I am working on a problem where I need to perform a lot of embarrassingly parallelizable tasks. The task is created by reading data from the database but a collection of all tasks would exceed the amount of memory on the machine so tasks have to be created, processed and disposed. I am wondering what would be a good approach to solve this problem? I am thinking the following two approaches:
-
Implement a synchronized task queue. Implement a producer (task creater) that read data from database and put task in the queue (limit the number of tasks currently in the queue to a constant value to make sure that the amount of memory is not exceeded). Have multiple consumer processes (task processor) that read task from the queue, process task, store the result and dispose the task. What would be a good number of consumer processes in this approach?
-
Use .NET Parallel extension (PLINQ or parallel for), but I understand that a collection of tasks have to be created (Can we add tasks to the collection while processing in the parallel for?). So we will create a batch of tasks — say N tasks at a time and do process these batch of tasks and read another N tasks.
What are your thoughts on these two approaches?

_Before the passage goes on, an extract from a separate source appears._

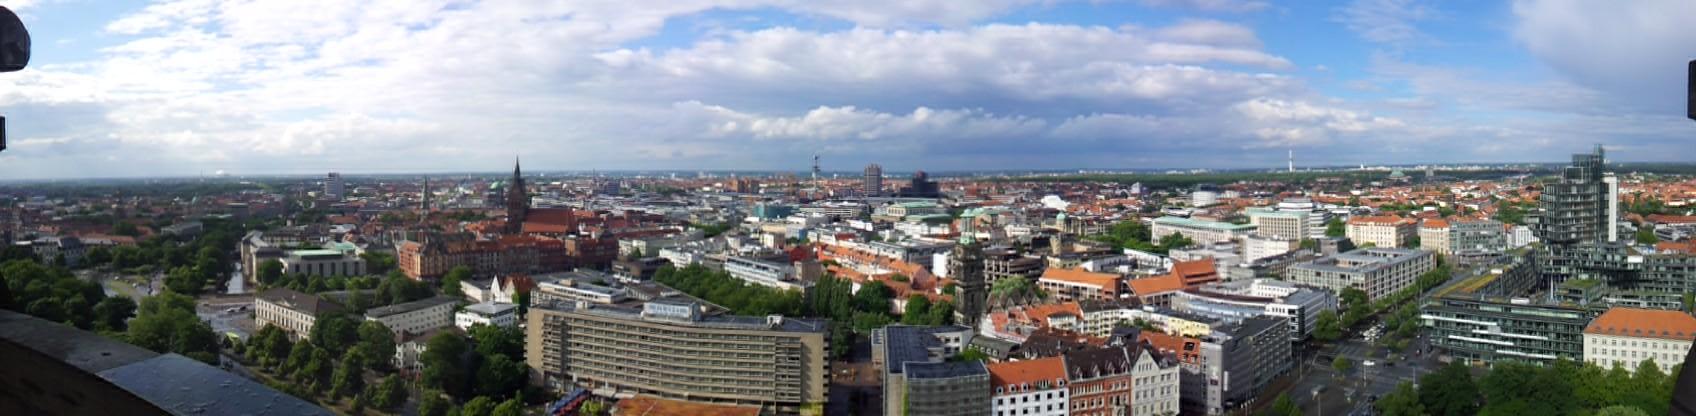 Blick vom Neuen Rathaus Richtung Norden

Use a ThreadPool with a bounded queue to avoid overwhelming the system.
If each of your worker tasks is CPU bound then configure your system initially so that the number of threads in your system is equal to the number of hardware threads that your box can run.
If your tasks aren’t CPU bound then you’ll have to experiment with the pool size to get an optimal solution for your particular situation
You may have to experiment with either approach to get to the optimal configuration.
Basically, test, adjust, test, repeat until you’re happy.